* What you are asked to do:
Although the material holds pictures, none belong in the copy; transcribe exactly, and only, the lines from the one with "Stivali Uomo Blundstone" through the end.

--- Exercise data Enclosed Below ---

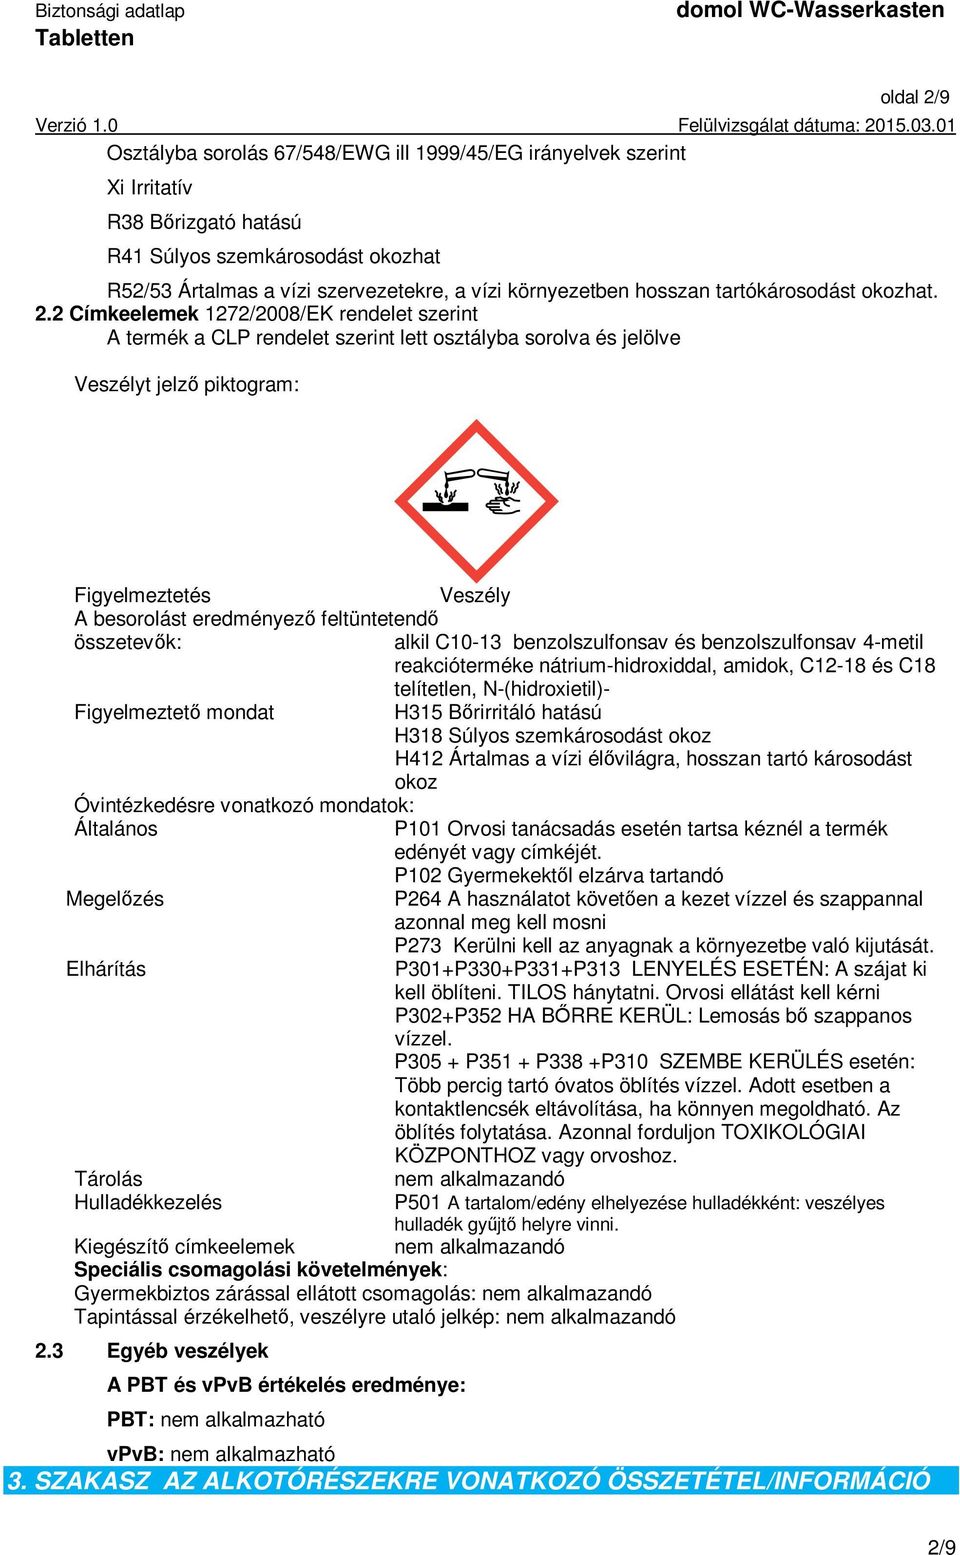 2 Címkeelemek 1272/2008/EK rendelet szerint A termék a CLP rendelet szerint lett osztályba sorolva és jelölve Veszélyt jelző piktogram: Figyelmeztetés Veszély A besorolást eredményező feltüntetendő
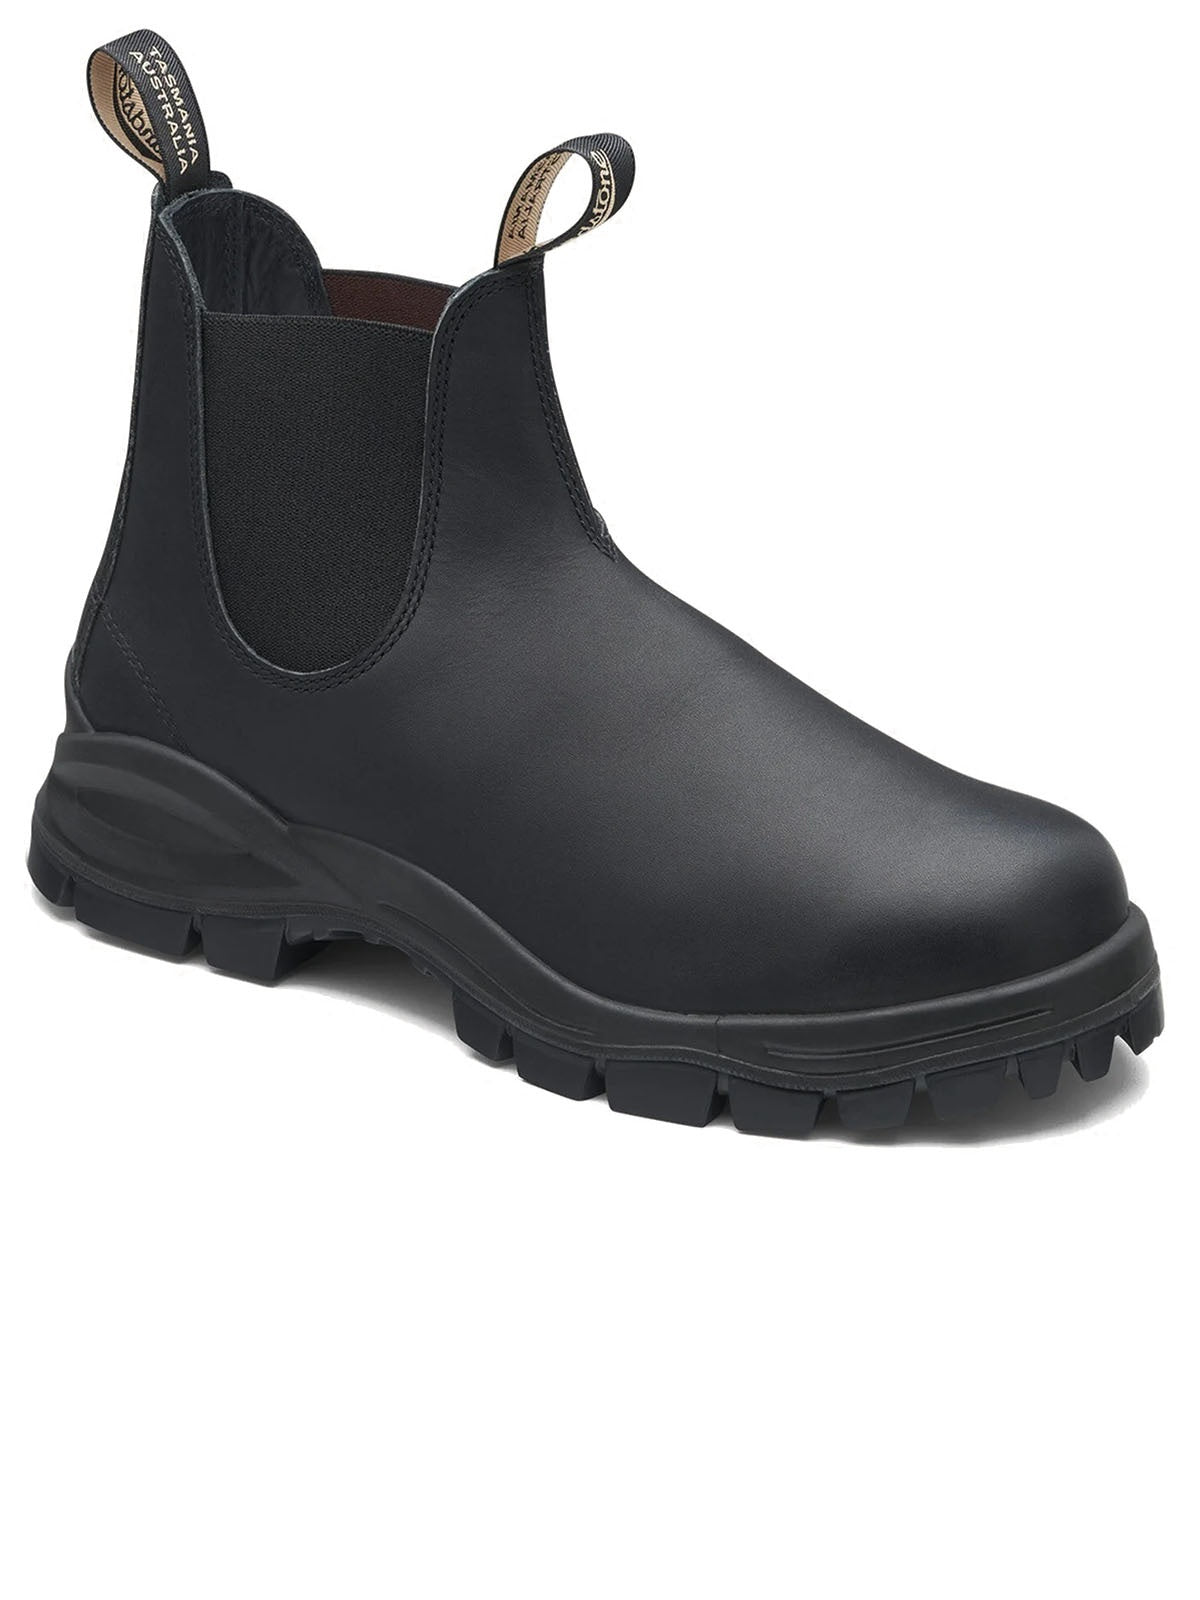 Stivali Uomo Blundstone - 2240 Premium Leather Lined Elastic Sided Lug Boot - Nero
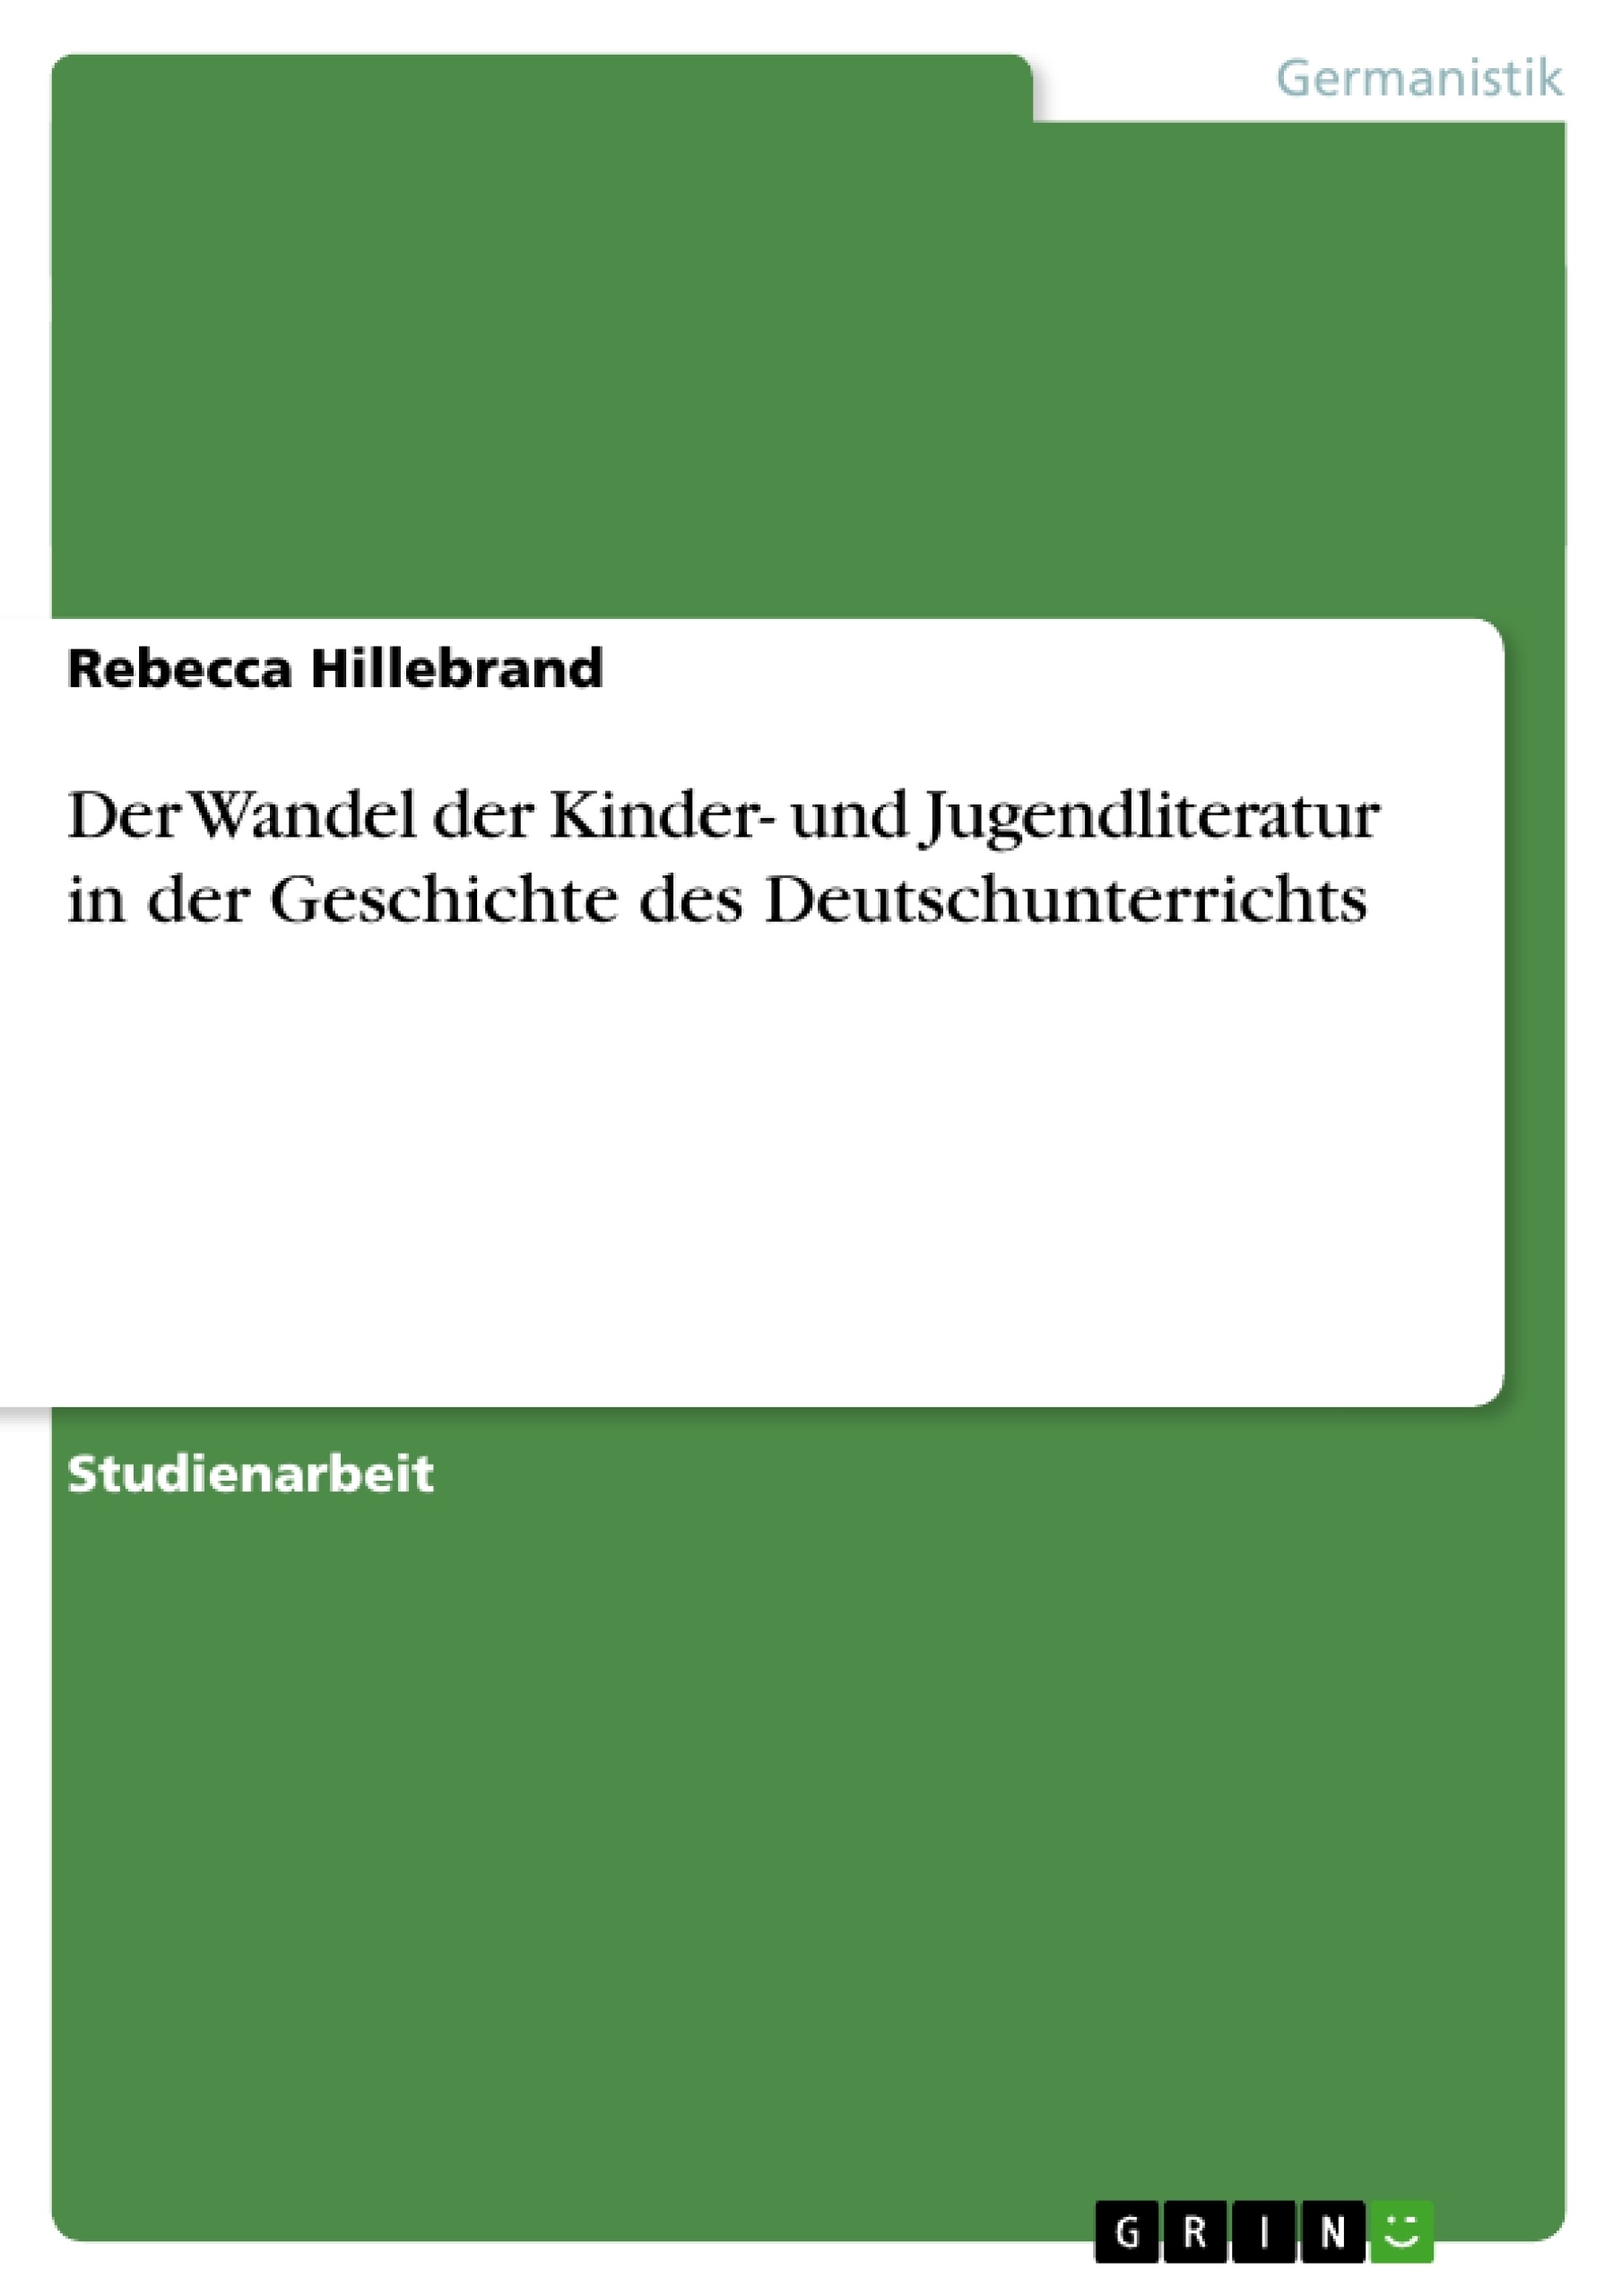 Title: Der Wandel der Kinder- und Jugendliteratur in der Geschichte des Deutschunterrichts
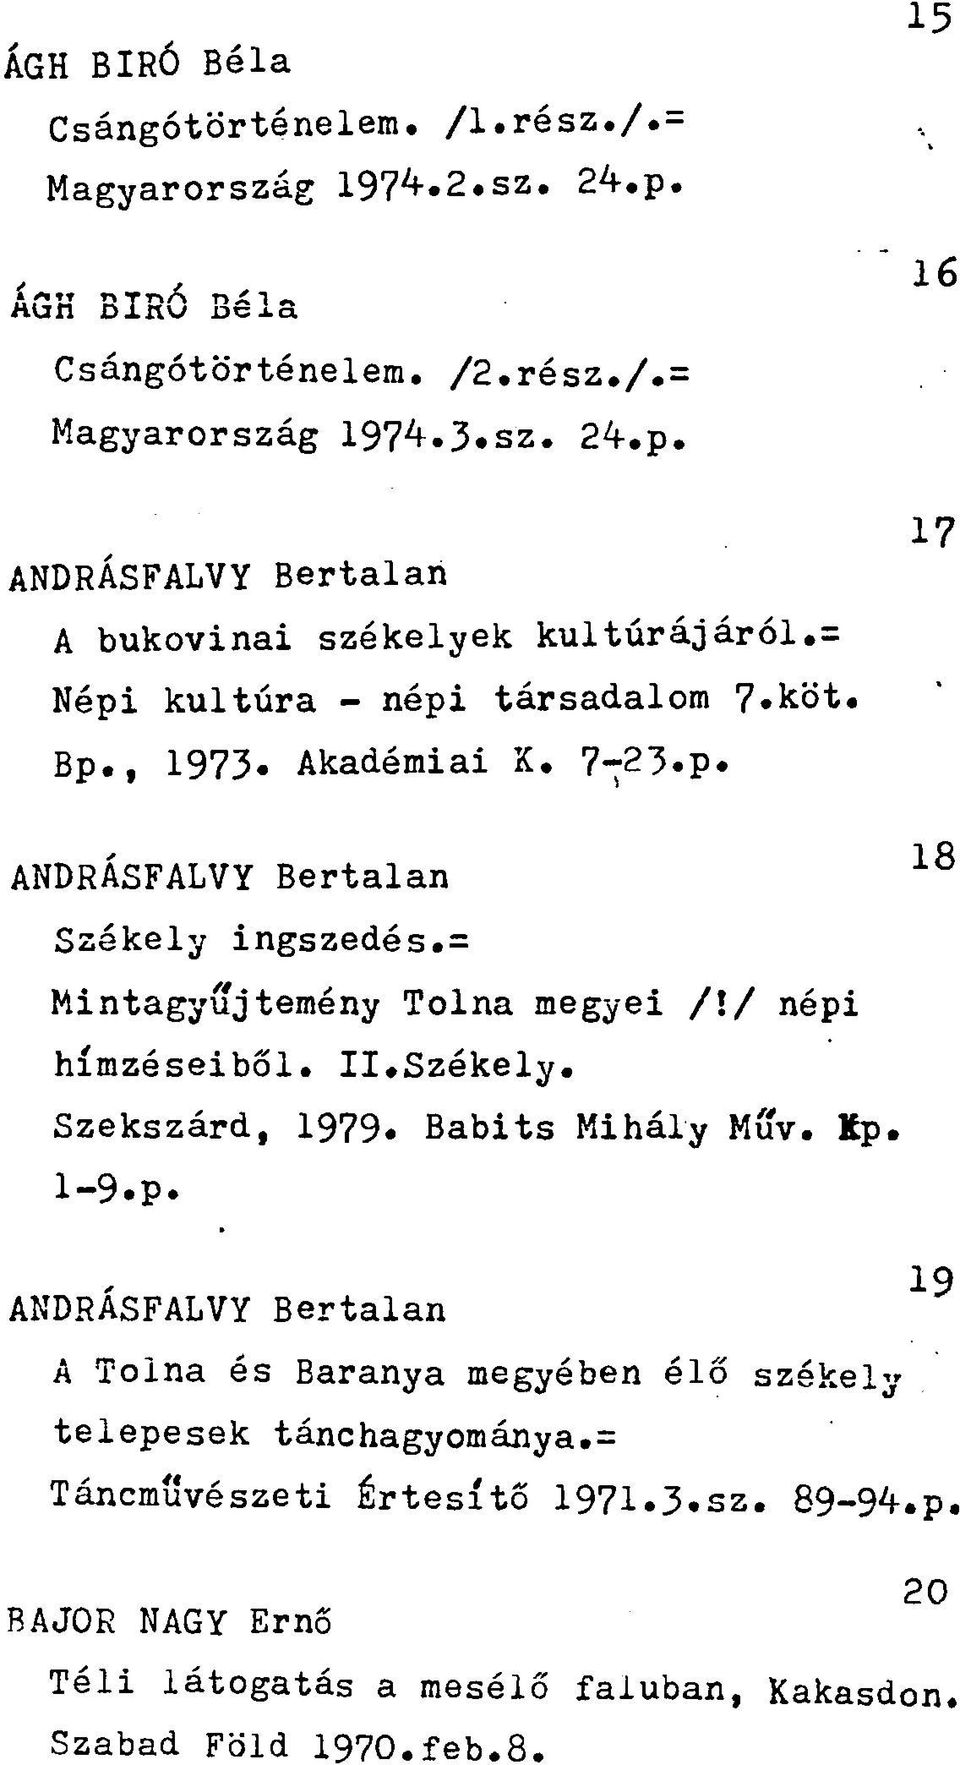 II.Székely. Szekszárd, 1979. Babits Mihály Muv. Kp. 1-9.p. 19 ANDRASFALVY Bertalan A Tolna és Baranya megyében élő székely telepesek tánchagyománya.

--- End of Enclosed Exercise data ---

* Reply:
 Stivali Uomo Blundstone - 2240 Premium Leather Lined Elastic Sided Lug Boot - Nero
 Title: Der Wandel der Kinder- und Jugendliteratur in der Geschichte des Deutschunterrichts
 II.Székely. Szekszárd, 1979. Babits Mihály Muv. Kp. 1-9.p. 19 ANDRASFALVY Bertalan A Tolna és Baranya megyében élő székely telepesek tánchagyománya.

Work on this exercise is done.